▼

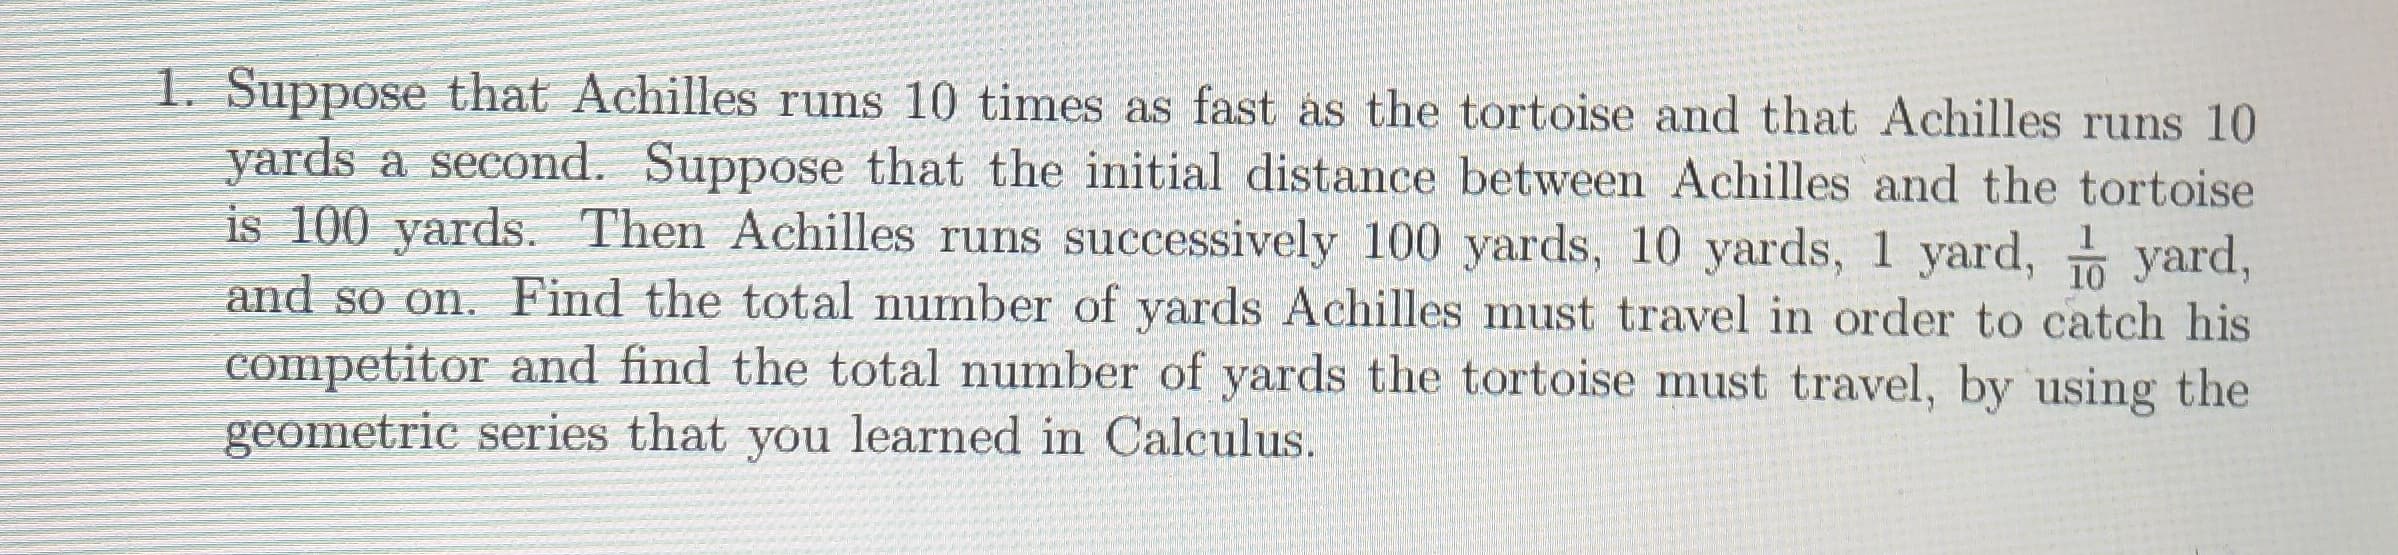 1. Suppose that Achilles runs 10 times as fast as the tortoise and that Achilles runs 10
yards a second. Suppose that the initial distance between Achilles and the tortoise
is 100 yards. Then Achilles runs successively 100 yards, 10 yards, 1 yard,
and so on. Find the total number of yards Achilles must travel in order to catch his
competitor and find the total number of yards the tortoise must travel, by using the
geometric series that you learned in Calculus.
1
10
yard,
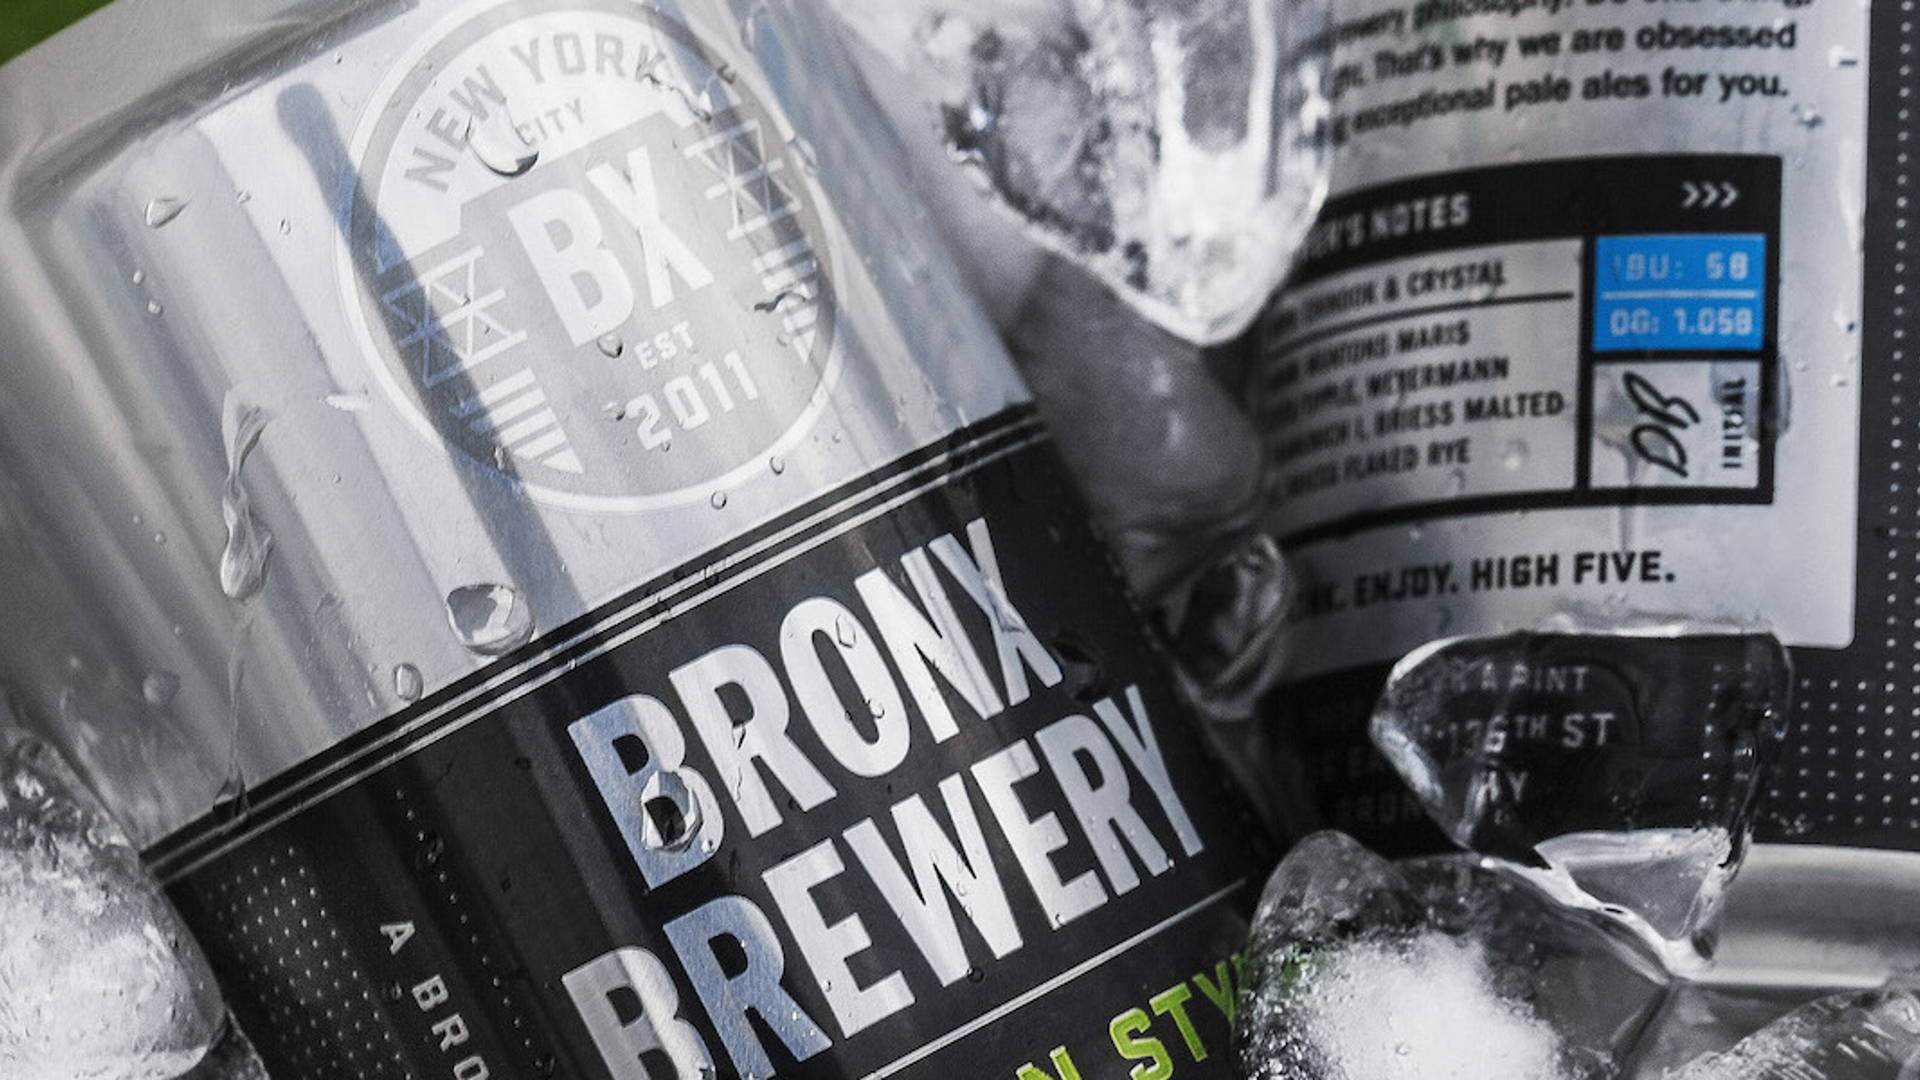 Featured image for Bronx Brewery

▲

Directions:
Search term "number": return each line of the data that contains it.

Written answer:
and so on. Find the total number of yards Achilles must travel in order to catch his
competitor and find the total number of yards the tortoise must travel, by using the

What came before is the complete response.